Sanksi kelima pembekuan izin AP dan KAP yang dikenakan sanksi ini jika melakukan
pelanggaran berat berupa pelanggaran ketentuan pasal 9,28,29,30 ayat 1 huruf c,e,g,h,i UU
no 5 tahun 2011 tentang akuntan punlik dan melakukan pelanggaran terhadap SPAP serta
kode etik yang berpengaruh signifikan terhadap laporan keuangan. sanksi pembekuan izin
diberikan paling banyak 2 kali dalam waktu 48 bulan, namun jika masih melakukan hal yang
sama maka akan dikenakan sanksi pelanggaran berat, ijinnya akan dicabut.

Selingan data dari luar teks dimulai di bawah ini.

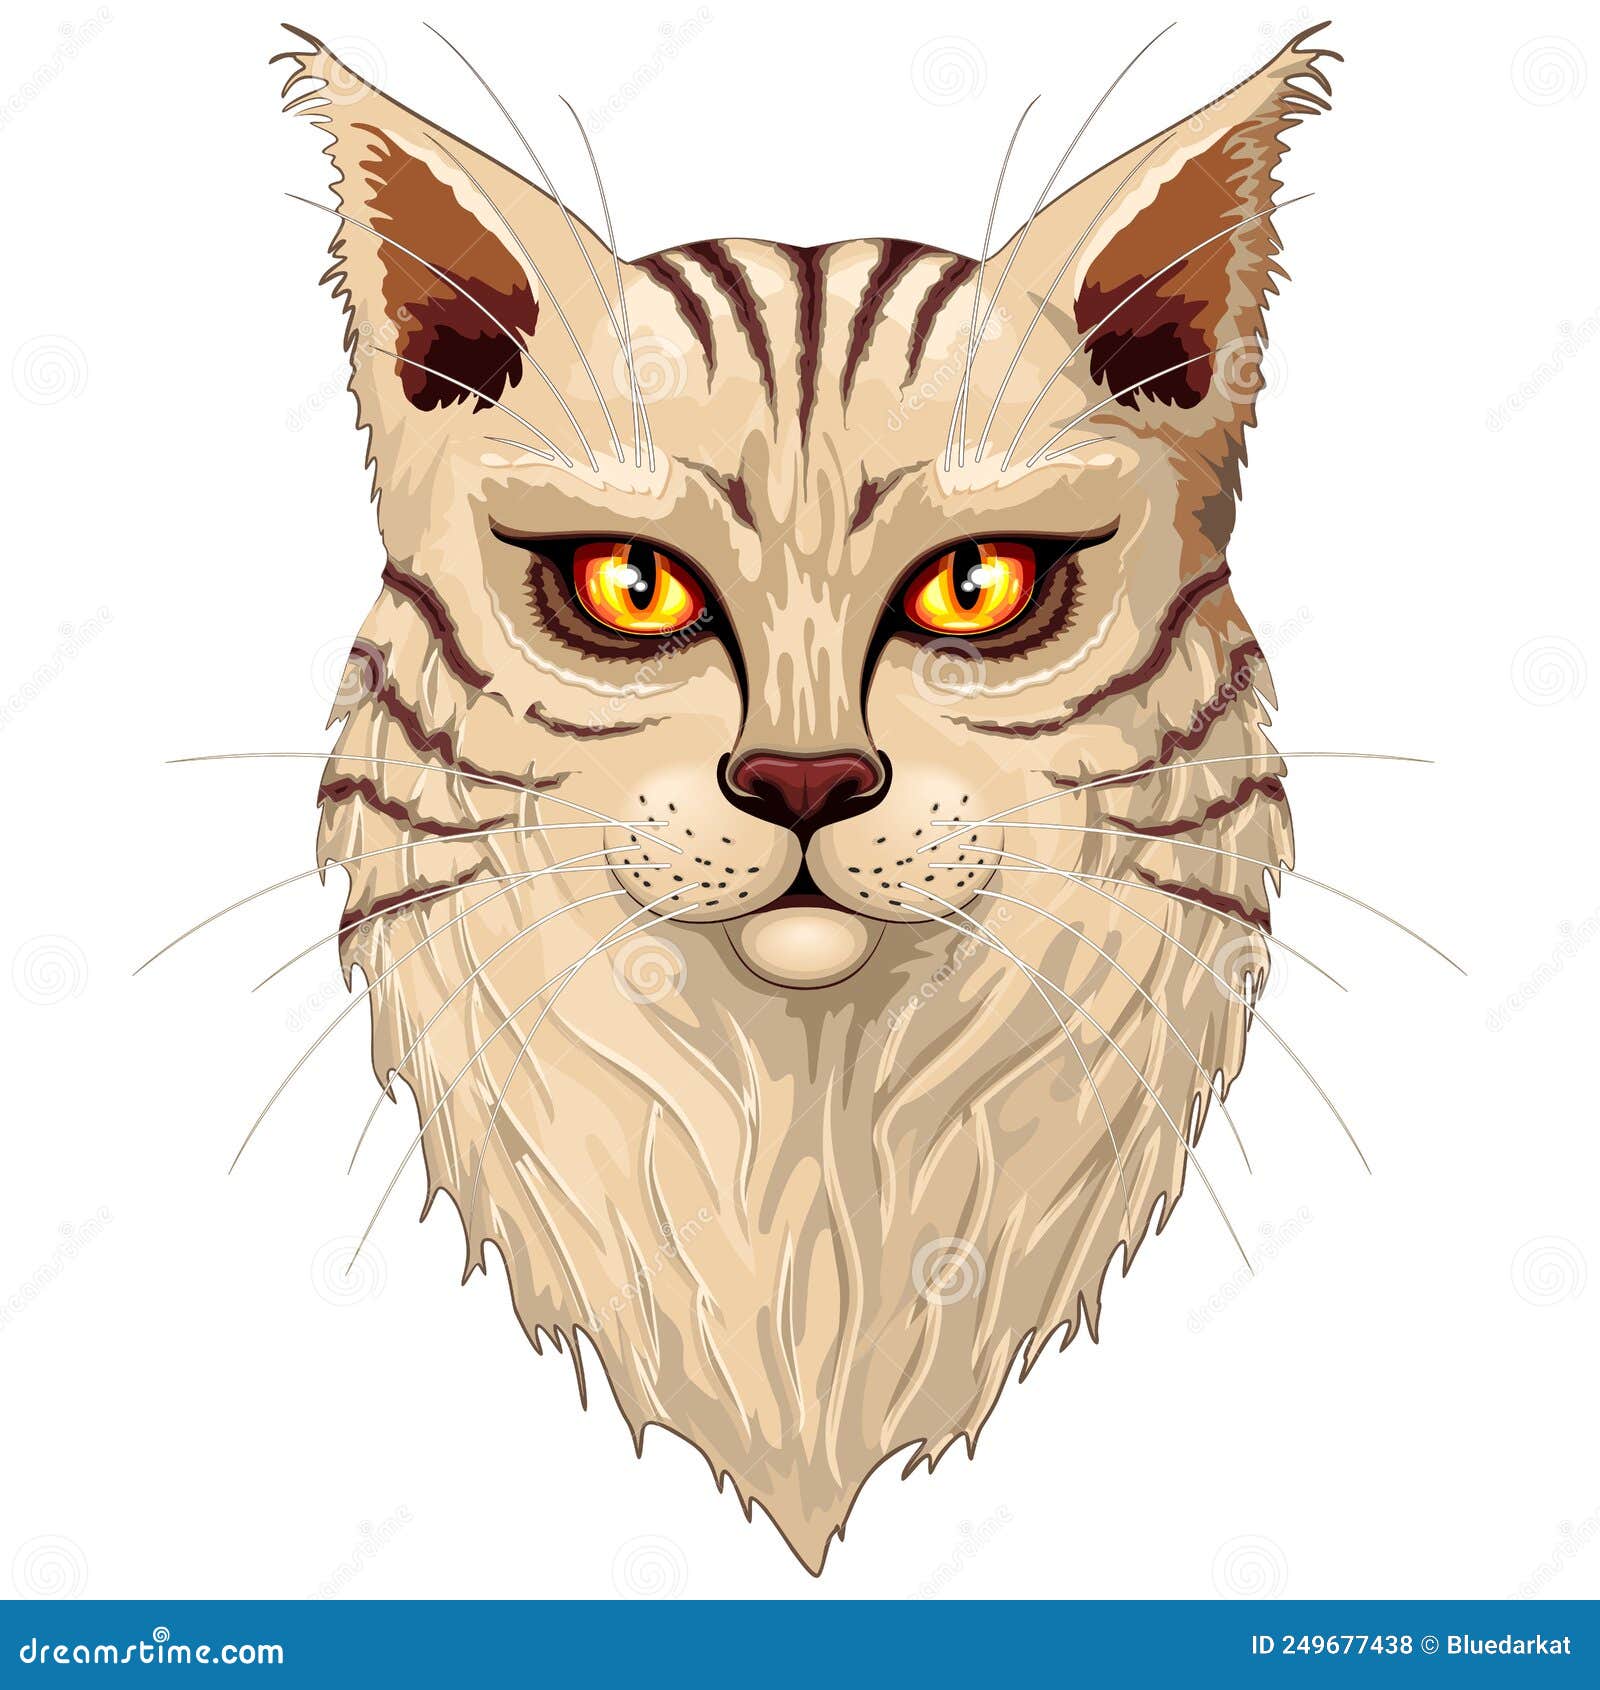 cat main coon portrait with big orange eyes  graphic art   on white.

Sanksi keenam berupa pencabutan izin jika AP atau KAP melakukan pelanggaran sanagt
berat yaitu melanggar pasal 30 ayat 1 huruf d,j UU akuntan publik dan melakukan
pelanggaran SPAP serta kode etik yang berpengaruh sangat signifikan terhadap laporan
yang diterbitkan. Adapun sanksi denda telah berlaku lebih dahulu dengan dikeluarkannya PP
no.1 tahun 2013 PNBP (pendapatan negara bukan pajak) dilingkungan kementrian
keuangan.
Berdasarkan penjabaran diatas maka dapat simpulkan Prinsip Etika memberikan kerangka
dasar bagi Aturan Etika, yang mengatur pelaksanaan pemberian jasa profesional oleh
anggota. Prinsip Etika disahkan oleh Kongres dan berlaku bagi seluruh anggota, sedangkan
Aturan Etika disahkan oleh Rapat Anggota Himpunan dan hanya mengikat anggota
Himpunan yang bersangkutan. Interpretasi Aturan Etika merupakan interpretasi yang
dikeluarkan oleh Badan yang dibentuk oleh Himpunan setelah memperhatikan tanggapan
dari anggota, dan pihak-pihak berkepentingan lainnya, sebagai panduan dalam penerapan
Aturan Etika, tanpa dimaksudkan untuk membatasi lingkup dan penerapannya.